Airman was the Spiegel brand. they didn't build their own bikes, they bought from various manufacturers. I don't think they ever used Schwinn as Schwinn did 2 things. first they insisted the bikes were sold through qualified bicycle shops, Spiegel was a hardware store and wouldn't qualify. second they always put their name on the badge, this one doesn't have it. while not an expert on early bikes, I am going to hazard a guess that it looks similar to the early Elgins of it's age so figure out who Sears used at that time and you might have a clue. they usually went with Murray and Columbia.


----------



## RMS37 (Dec 8, 2009)

Pre-Balloon Motobikes are among the hardest to date and to attribute to a specific manufacturer.  37Fleetwood is correct about the badge tying the bike to Spiegel as the retail outlet for the bike. I?ll add that the Biplane decal on the tank has been found on bicycles manufactured by Shelby, The fork crown also looks like a Shelby crown. In addition Spiegel is known to have used Shelby and Monark as suppliers in the late 1930's. 
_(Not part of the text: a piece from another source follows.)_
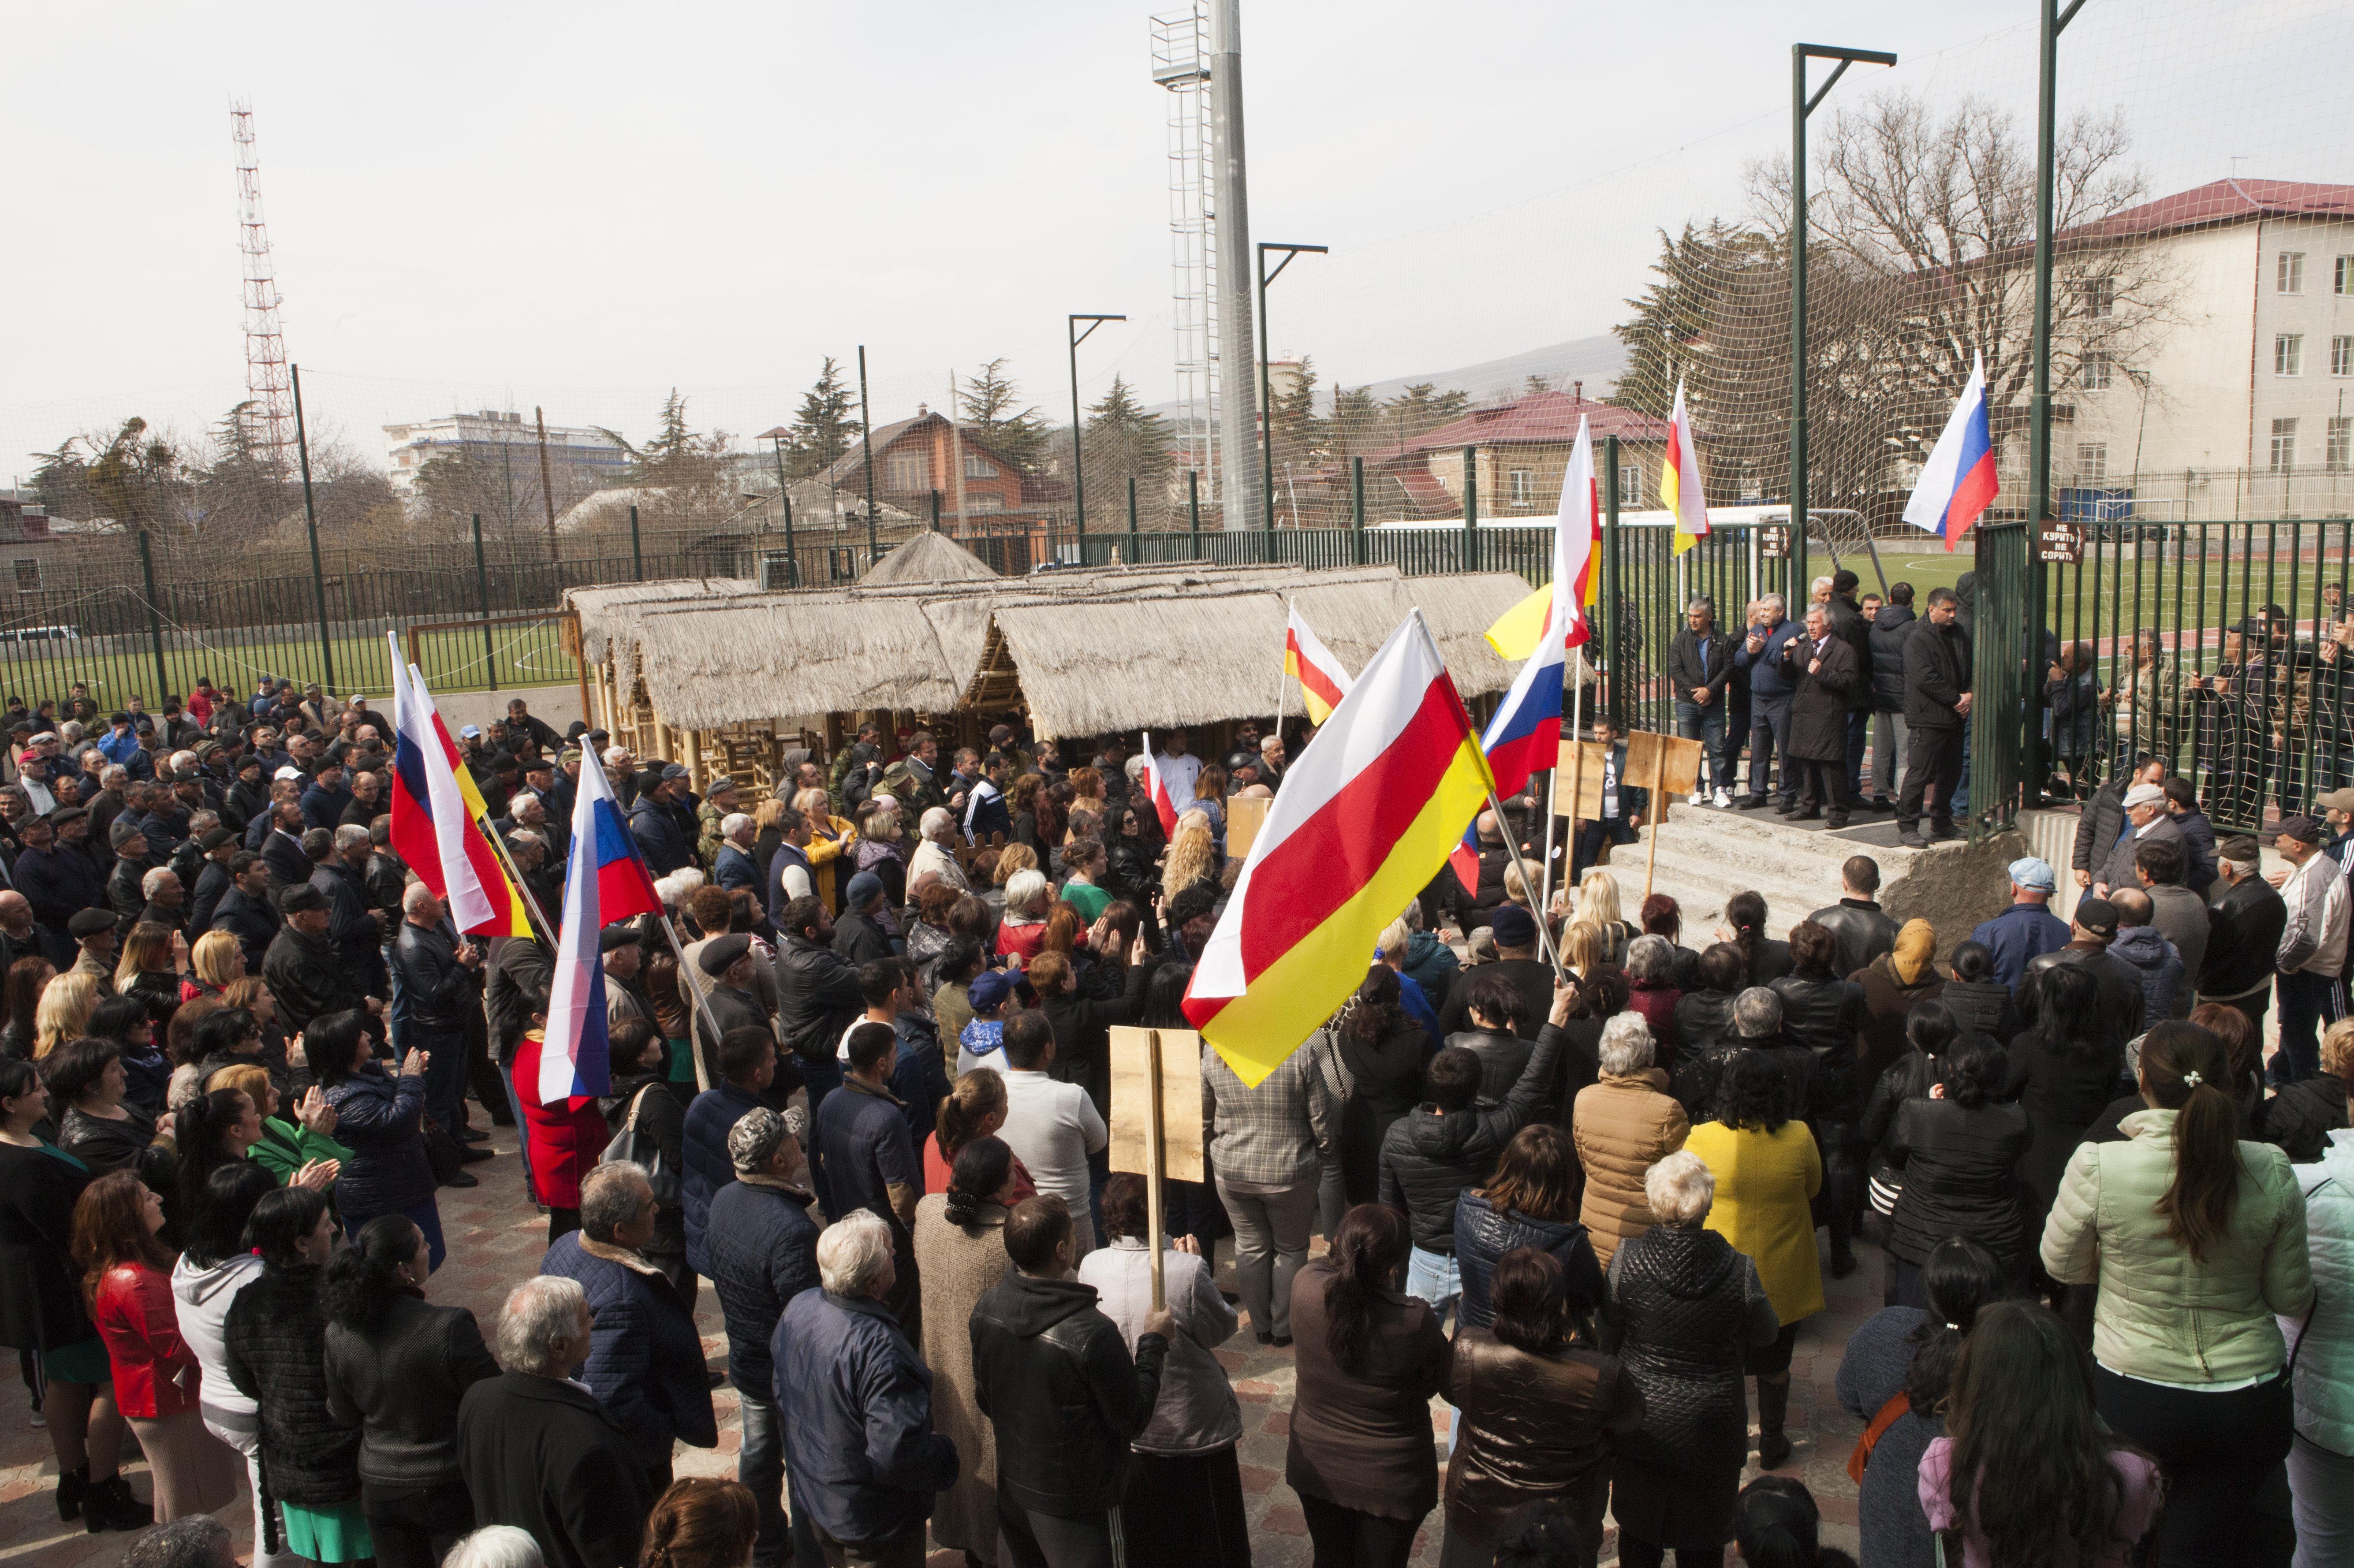 Сторонники экс-президента Эдуарда Кокойты собрались на митинг

The Shelby Cycle Company was formed out of a series of events in the mid twenties and if your bike is a Shelby it likely dates from the late twenties through about 1934-35 at the latest.


----------



## Pirate.Jim (Dec 8, 2009)

*Thanks....*

Really appreciate the information.  Will have to try and figure out what I'm going to do with it.


----------



## schwinnderella (Dec 8, 2009)

first they insisted the bikes were sold through qualified bicycle shops said:
			
		

> I disagree,I do not believe Spiegel was a hardware store it was a store similar to wards or sears.Previous to sometime in the 50's Schwinns could be bought in hardware stores,lawnmower shops,and other businesses that were not bicycle shops.At this same time many schwinn built bikes did not have the schwinn name on the badge!


----------



## HIGGINSFOREVER (Dec 8, 2009)

Spiegel  also had a catalog like sears did.spring catalog 1939 shows bikes made by monark silver king and shelby,spiegel sold bikes were brand name airman.


----------